Montag, 23. April 2012

Audaces fortuna iuvat.


Vor Kurzem hatte ich das große Vergnügen, dem Autor des Sachbuch-Bestsellers „Die Durchschnittsfalle“ live lauschen zu dürfen.- Und launig war es definitv. Markus Hengstschläger schlachtete mit einem Pointenfeuerwerk - ungewohnt für einen Spitzen-Genetiker - das österreichische goldene Lamm des Durchschnitts. 
In der Tat ist es so, dass in diesem Land schon Zufriedenheit herrscht, wenn sich die Nationalmannschaft von Platz 89 auf Platz 77 der FIFA-Weltrangliste verbessert. Dies sei nun einmal so, wir sind ein kleines Land mit schwierigen Rahmenbedingungen und damit basta. (Große Ausnahme: Skirennen. Warum eigentlich?)
Das Sprichwort „Der Prophet gilt nichts im eigenen Land“ hat mit Sicherheit seinen Ursprung in unseren Breitengraden. Die besten Köpfe machen sich auf, um anderswo erfolgreich zu sein. Kein Wunder, denn bei uns geht Neues nicht, denn da könnte ja jeder kommen und im Übrigen war das schon immer so. Die so gerne ins Spiel gebrachte Insel der Seligen ist ein einziger Fluch, suggeriert der Befund doch, dass eh alles in Ordnung ist.
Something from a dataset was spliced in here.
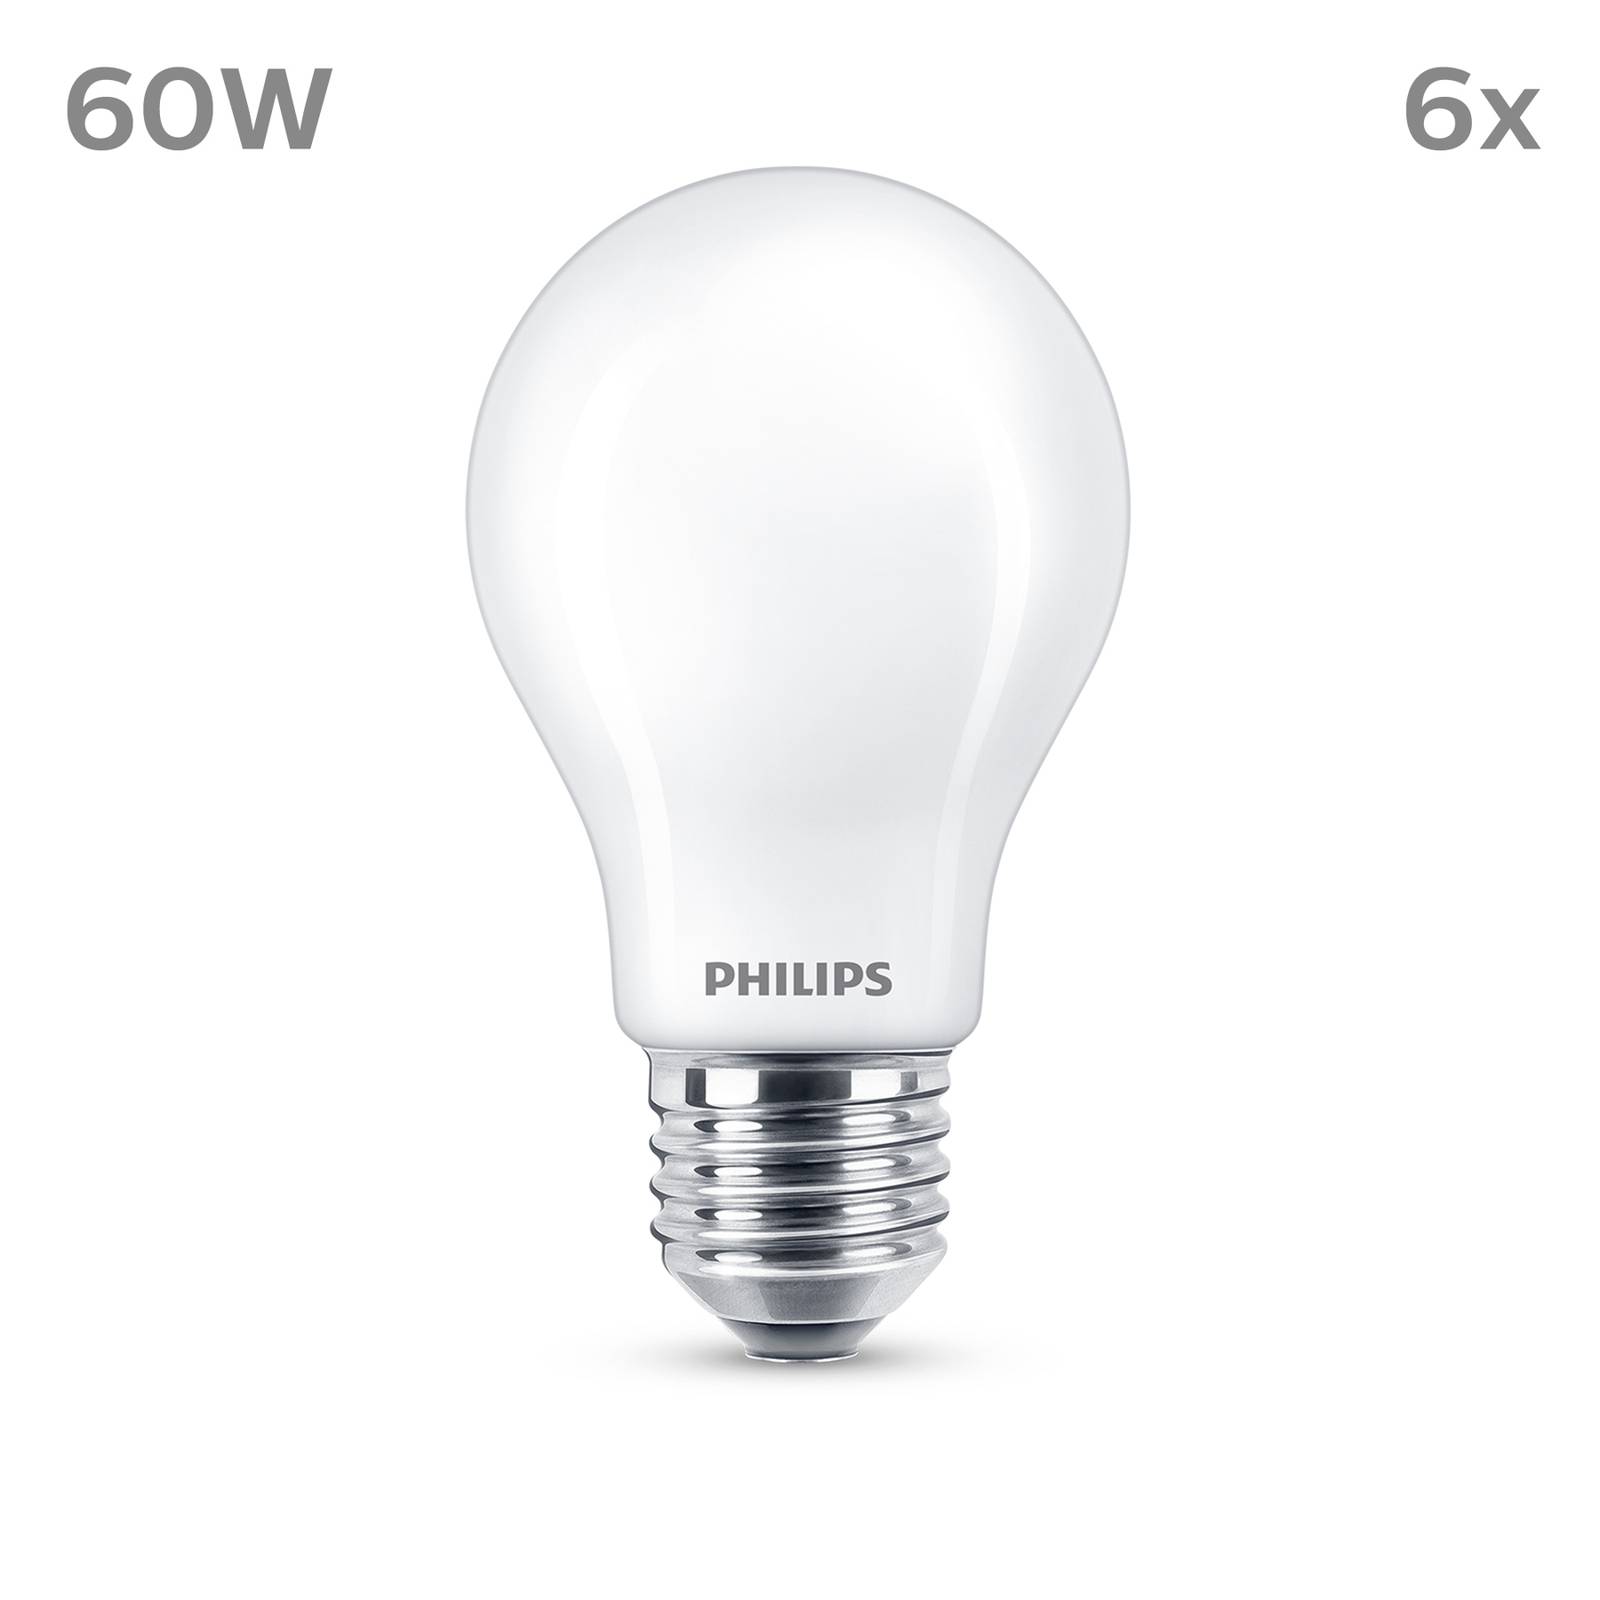 Philips LED žiarovka E27 7W 806lm 2700K matná 6 ks

Stimmt schon. Uns geht´s gut. Österreich ist sicher und der Schweinsbraten am Sonntag duftet wie eh und je. Trotzdem: Wie lange geht das noch gut? Außer verzweifelten Flüchtlingen und Touristen machen alle einen großen Bogen um unser Kleinod im Herzen Europas. Selbst die viel gepriesene Funktion als Brückenkopf nach Osten sorgt bei internationalen Konzernen nur mehr für mitleidiges Lächeln. Dass wir auch noch die Politiker wählen, die diesem in Watte getauchten „Nur-nicht-auffallen“ optimal gerecht werden, sei nur am Rande erwähnt.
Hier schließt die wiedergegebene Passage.